| year |
2015 |
| author(s) |
J.-M. Pirkkalainen, S.U. Cho, F. Massel, J. Tuorila, T.T. Heikkilä, P.J. Hakonen, M.A. Sillanpää |
| title |
Cavity optomechanics mediated by a quantum two-level system |
| document type |
Paper |
| source |
nature communications 6 , 1-6 |
| doi |
10.1038/ncomms7981
|
| EMP/Horizon2020 |
This publication does not include a EMP/Horizon2020 acknowledgement. |
| abstract |
Coupling electromagnetic waves in a cavity and mechanical vibrations via the radiation pressure of photons is a promising platform for investigations of quantum–mechanical properties of motion. A drawback is that the effect of one photon tends to be tiny, and hence one of the pressing challenges is to substantially increase the interaction strength. A novel scenario is to introduce into the setup a quantum two-level system (qubit), which, besides strengthening the coupling, allows for rich physics via strongly enhanced nonlinearities.

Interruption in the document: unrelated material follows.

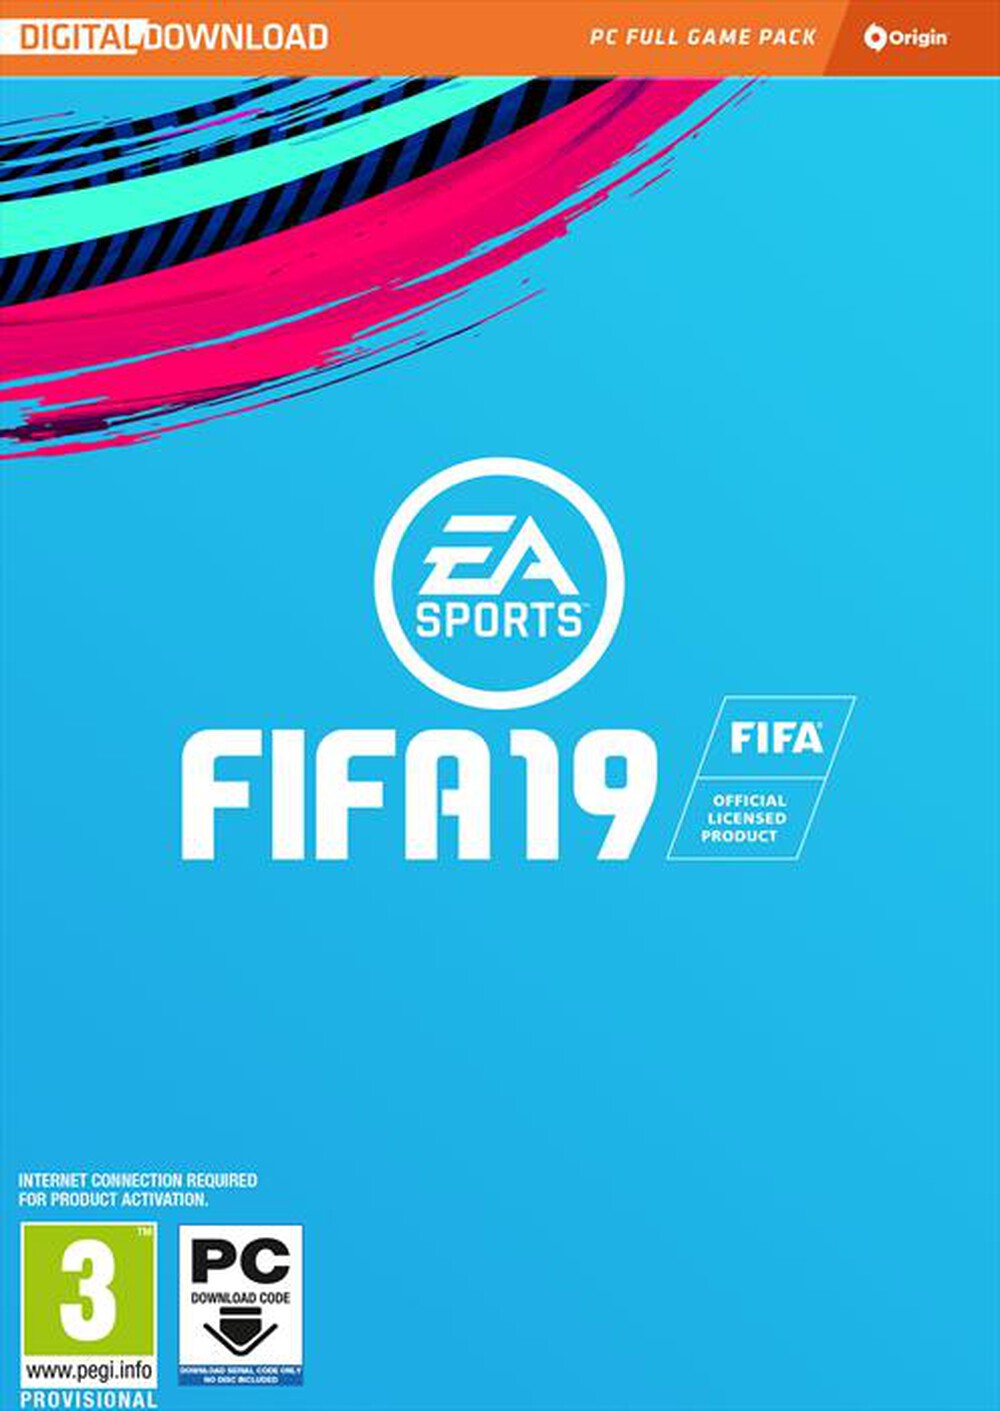 "ELECTRONIC ARTS - FIFA 19 PC - "

Here we present a design of cavity optomechanics in the microwave frequency regime involving a Josephson junction qubit. We demonstrate boosting of the radiation–pressure interaction by six orders of magnitude, allowing to approach the strong coupling regime. We observe nonlinear phenomena at single-photon energies, such as an enhanced damping attributed to the qubit. This work opens up nonlinear cavity optomechanics as a plausible tool for the study of quantum properties of motion. |